St. Patrick’s Day Fare

568



SLOW COOKER CORNED BEEF & CABBAGE

Prep time: 10 minutes  ~  Cook time: 8 hours  ~  Servings: 12

(Family Features) #12548  Source:  McCormick & Company, Inc. 

  • 8  small red potatoes
  • 2  cups baby carrots
  • 1  small onion, quartered
  • 1  corned beef brisket (4 pounds), rinsed and trimmed
  • 2  tablespoons McCormick Mixed Pickling Spice
  • 1  teaspoon McCormick Minced Garlic
  • 1/2  head cabbage, cored and cut into wedges
  • 8 (app.)  cups of water

Place potatoes, carrots and onion in slow cooker. Place corned beef brisket over vegetables. Sprinkle with pickling spice and minced garlic. Add enough water (about 8 cups) to just cover meat. Cover. Cook 7 hours on high. Add cabbage. Cover. Cook 1–2 hours on high or until cabbage is tender-crisp.

Remove corned beef brisket to serving platter. Slice thinly across grain. Serve with vegetables.

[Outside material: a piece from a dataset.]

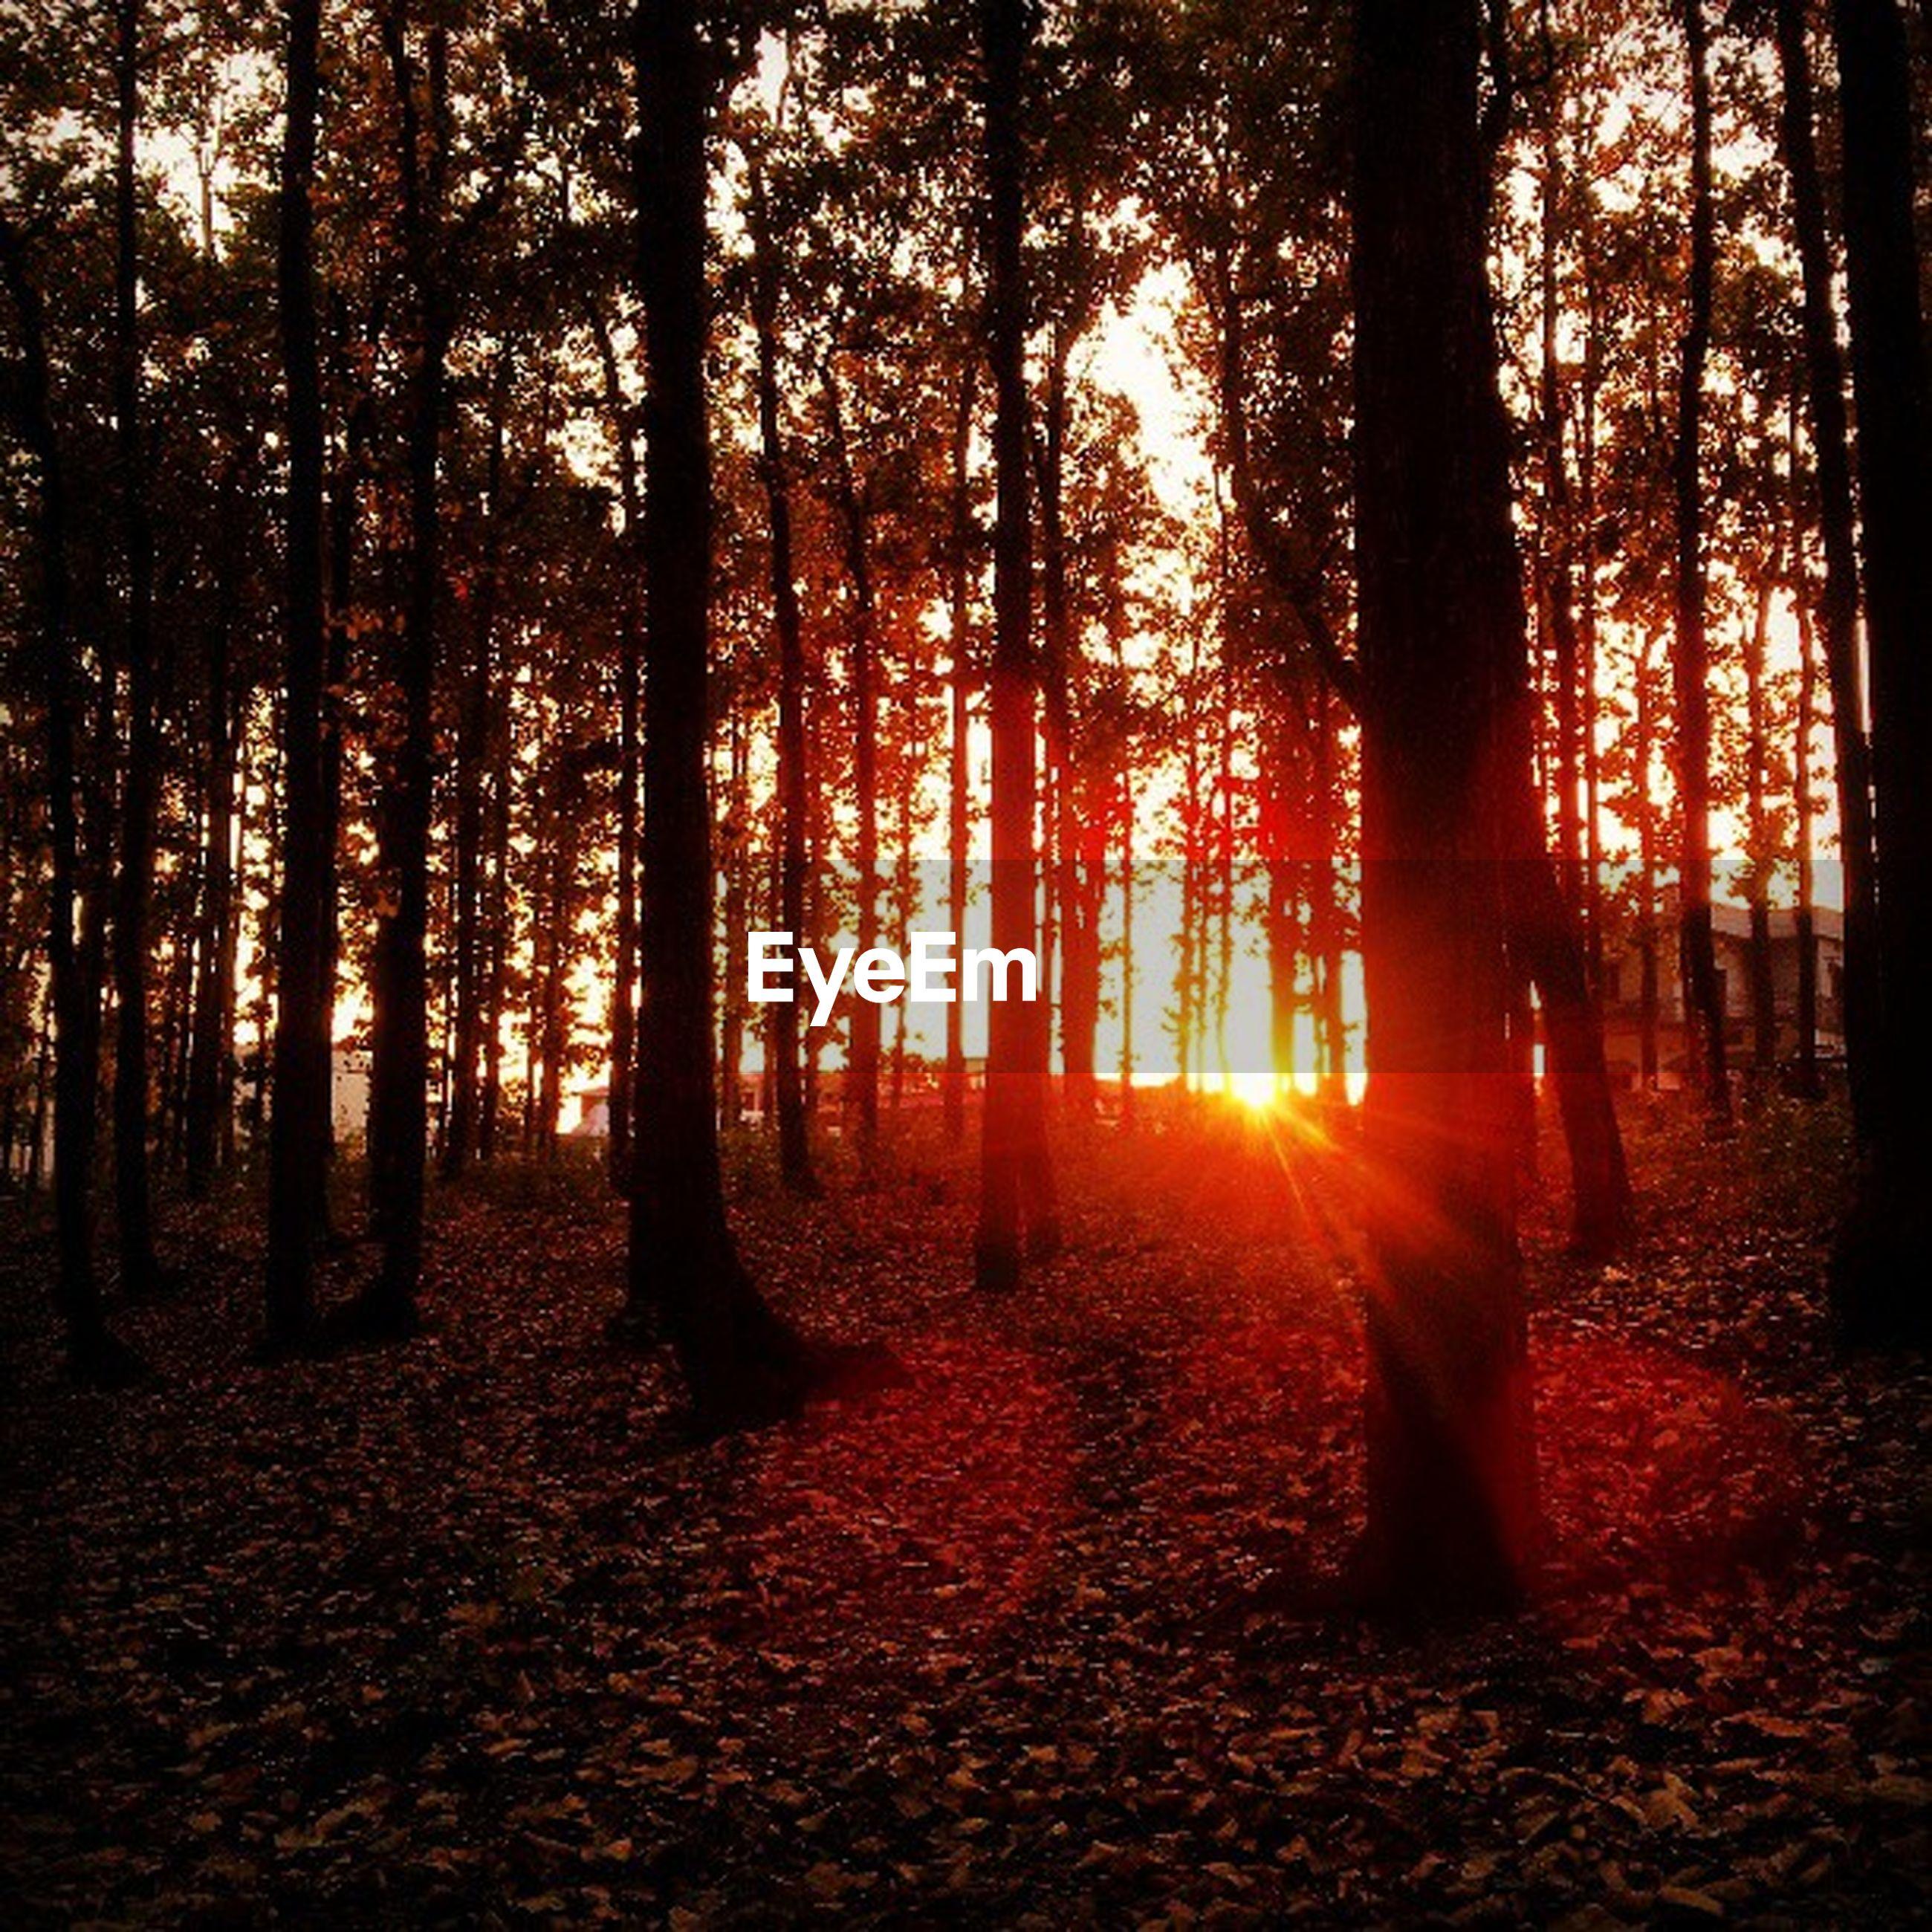 tree, forest, tranquility, tranquil scene, nature, tree trunk, orange color, beauty in nature, scenics, sunlight, woodland, growth, sunset, autumn, sun, sunbeam, non-urban scene, landscape, idyllic, change

TIP : For best results, do not remove cover while cooking in slow cooker.




LUCKY MINT BROWNIES

Servings: 9-12

(Family Features)  #15603  ~  Source: Culinary.net

  • Nonstick cooking spray
  • 1 box supreme brownie mix with chocolate syrup pouch 
  • 3  tablespoons water
  • 1/3 cup vegetable oil 
  • 1 egg 

FILLING:

  • 3 1/2 cups powdered sugar
  • 1/4 cup butter, softened
  • 1/4 cup whipping cream
  • 5 ounces cream cheese, softened
  • 1/2 teaspoon peppermint extract
  • 5 drops green food color

TOPPING :

  • 1/2 cup whipping cream
  • 1 bag (12 ounces) chocolate chips
  • 1/2 cup butter

Heat oven to 350° F. Spray 8-by-8-inch pan with nonstick cooking spray. 

In large bowl, mix brownie mix, water, oil and egg until combined. Pour into prepared baking pan. Bake 35 minutes. Cool completely, about 1 hour.

TO MAKE FILLING : In large bowl, beat powdered sugar, butter, whipping cream, cream cheese, peppermint extract and food coloring. Spread over cooled brownies. Refrigerate 1 hour, or until set.

TO MAKE TOPPING : In saucepan, melt whipping cream, chocolate chips and butter until smooth. Cool until lukewarm, about 10 minutes. Pour over filling; spread to cover. Refrigerate 2 hours, or until set.

Before serving, let brownies set 10 minutes at room temperature. 

TIPS : Cut brownies with wet knife for cleaner cuts. Store covered in refrigerator.